China markets in turmoil as Russia ties add to list of risks

Global investors are losing faith in China’s ability to navigate an increasingly complex maze of challenges.

The war in Ukraine raises the specter of harsh sanctions being applied to Chinese firms should they proceed with plans to acquire stakes in Russian energy and materials producers. The risk of Chinese companies being delisted from the U.S. is growing. A housing slump is worsening. Record commodities prices locally may stoke inflation, while the highest COVID-19 infections since the Wuhan outbreak will weigh on already weak consumption.
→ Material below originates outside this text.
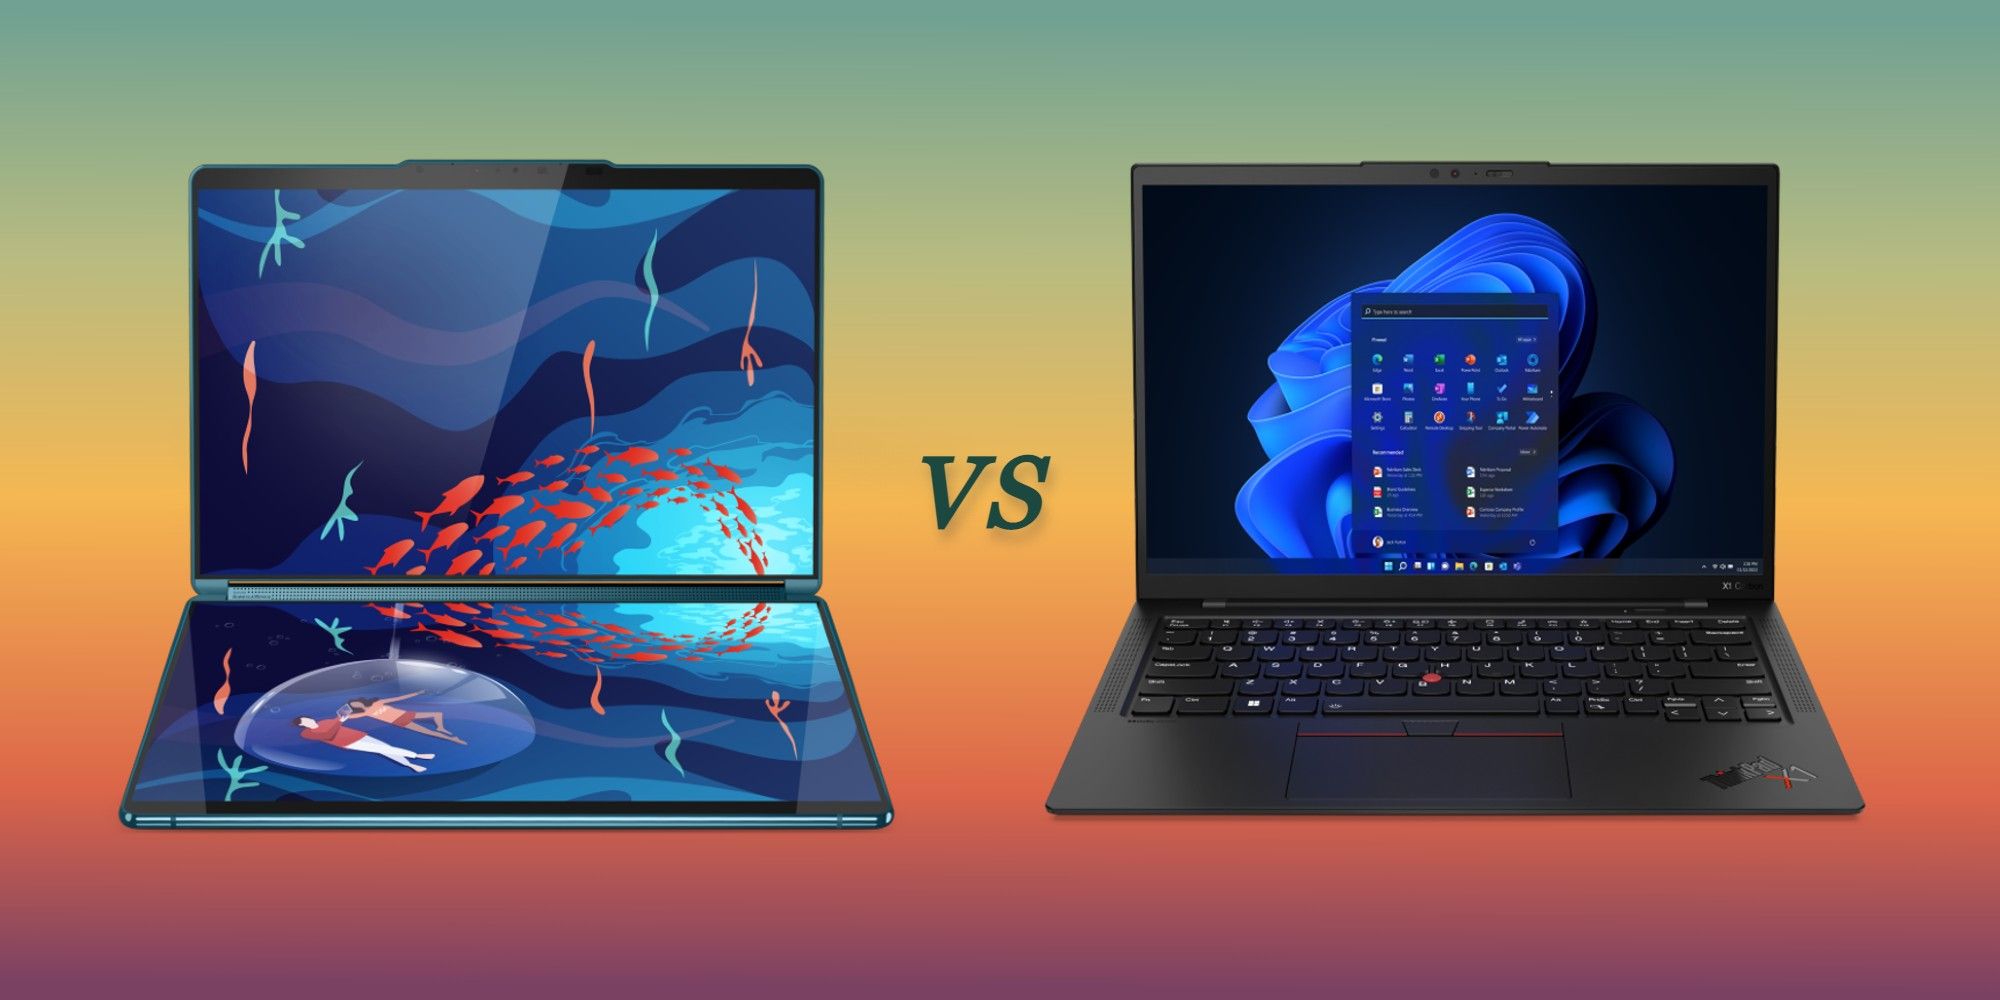 Pantalla dual vs.  Computadoras portátiles tradicionales: ¿necesita un teclado físico?
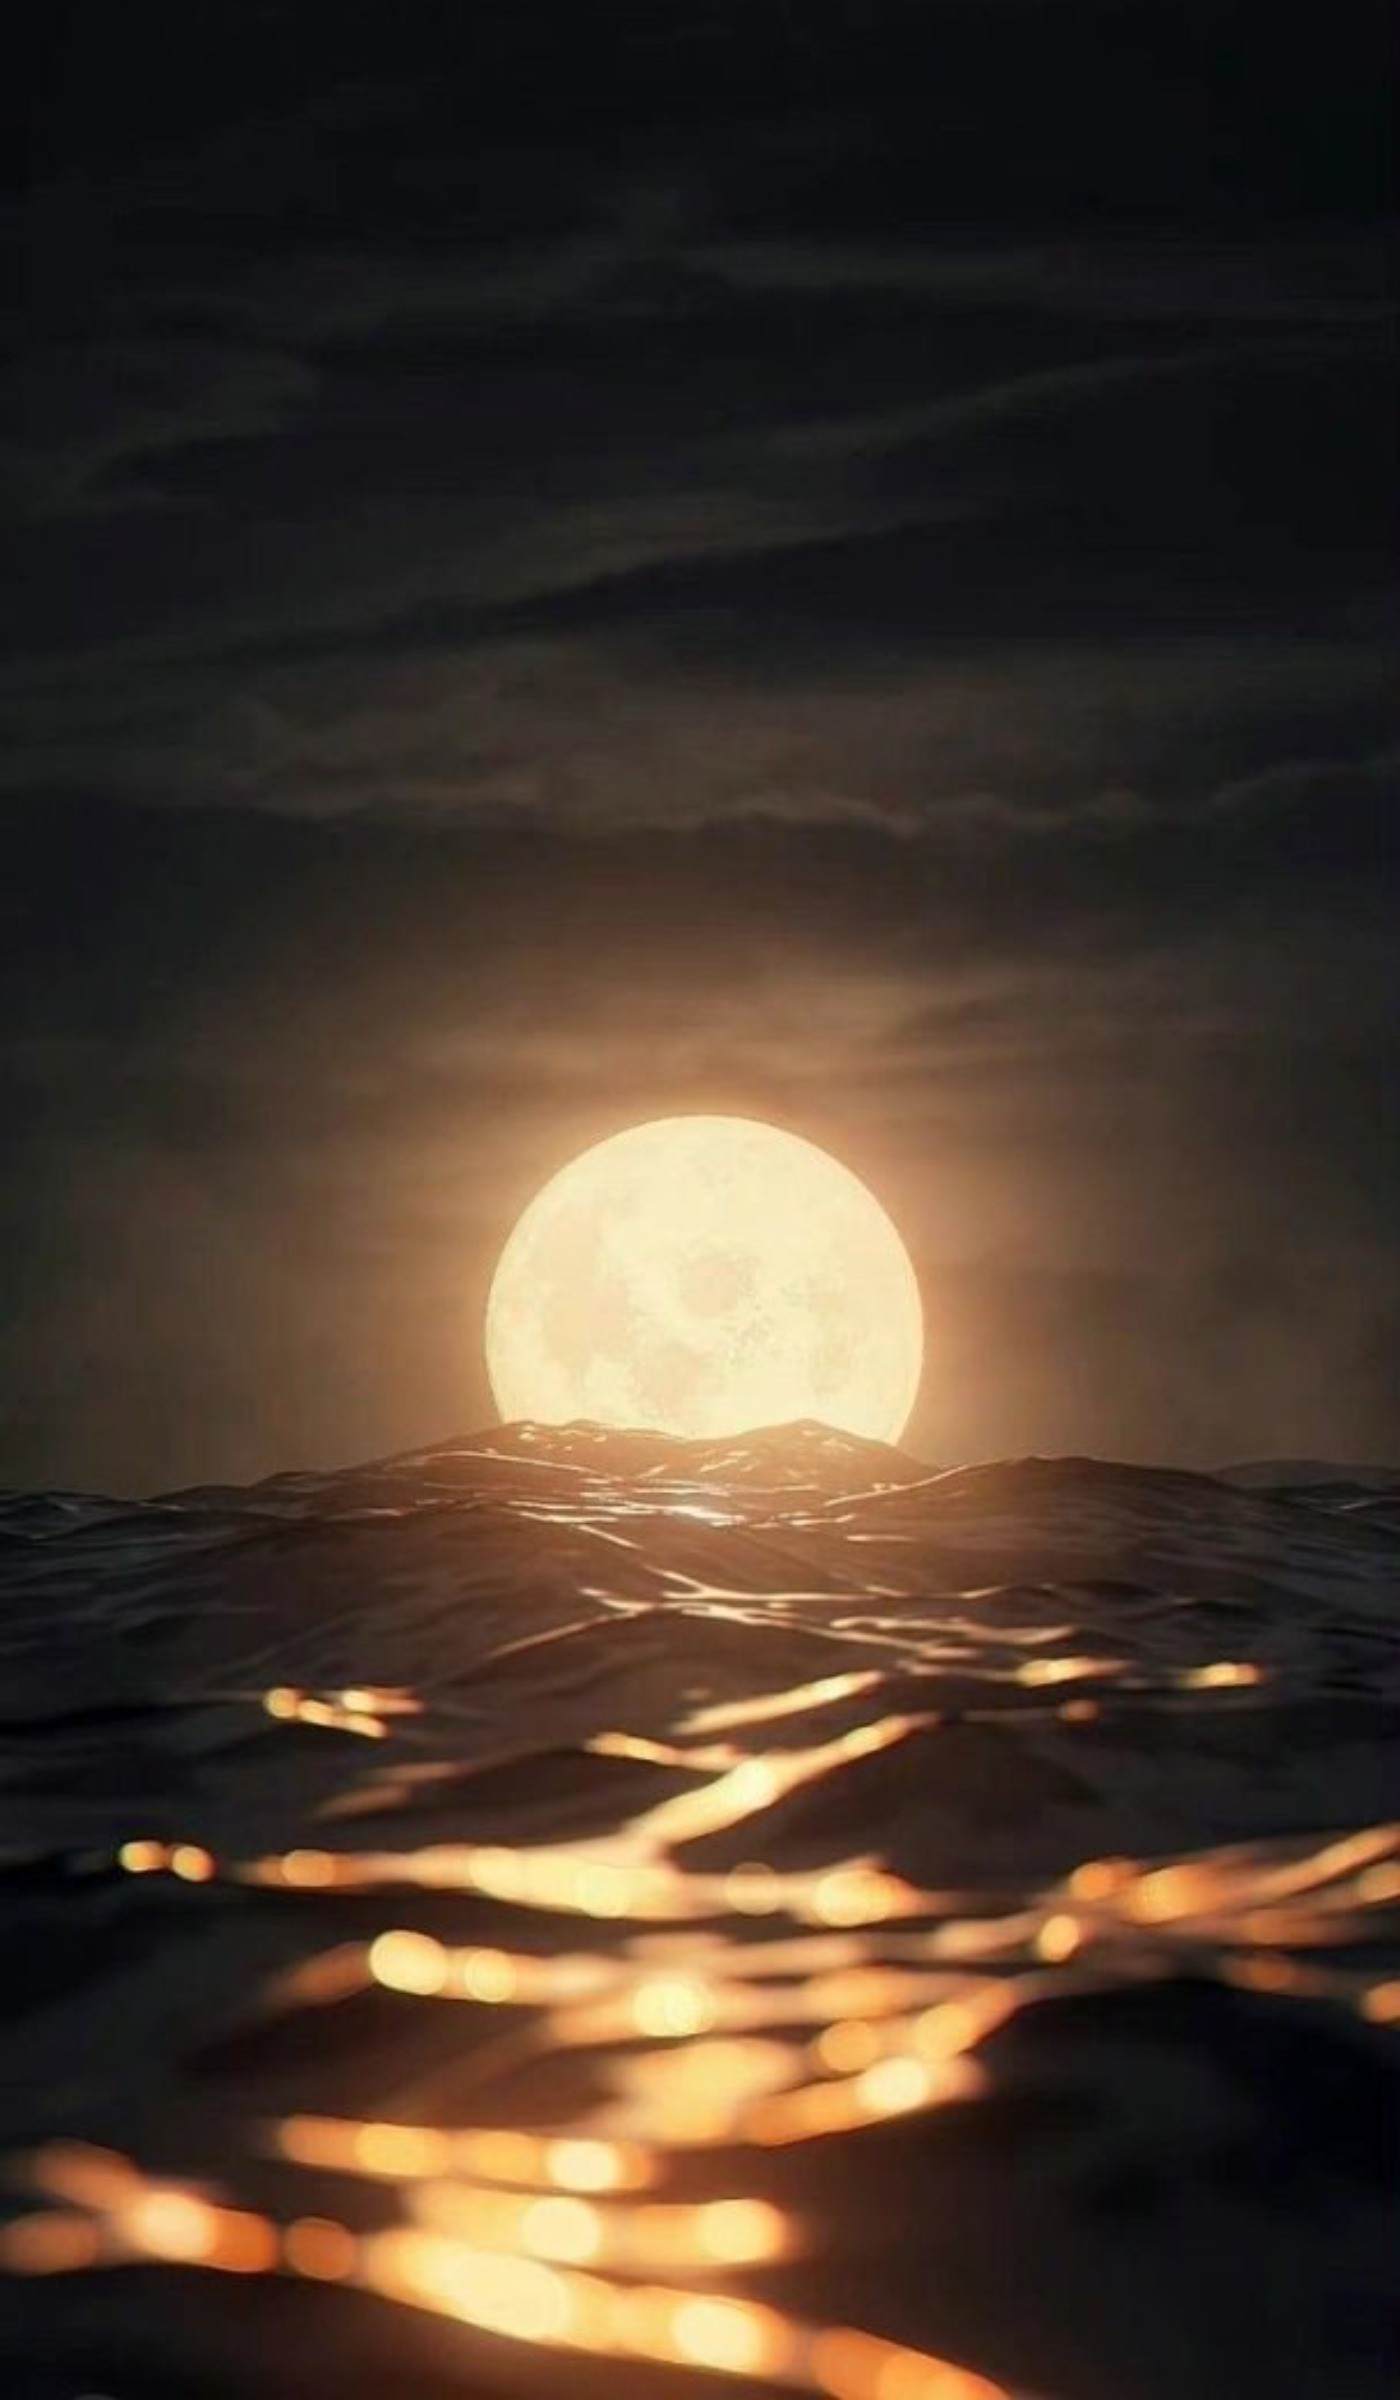 زیبا ترین ترکیب دنیا قطعا ماه و دریاست

President Xi Jinping’s crackdowns on the most profitable companies had already undermined investor sentiment before Russia’s war. Since the invasion, pessimism has turned into panic. A gauge of Chinese shares in Hong Kong has plunged 15% in the world’s worst performance among actively traded benchmarks. The yield on the nation’s junk bonds has climbed above 25% for the first time. Sovereign debt hasn’t been immune to the selling, with the 10-year yield rising to the highest since December.

While sanctions have weighed more heavily on Russian assets, China’s markets are the ones that matter globally. Russia’s stock market was valued at $781 billion at the start of the year, compared with a combined $19 trillion for mainland China and Hong Kong bourses. Chinese firms account for almost a third of the widely followed MSCI Emerging Markets index, vs. less than 4% for Russia before the index compiler reclassifed the country. China’s onshore debt market is worth about $21 trillion.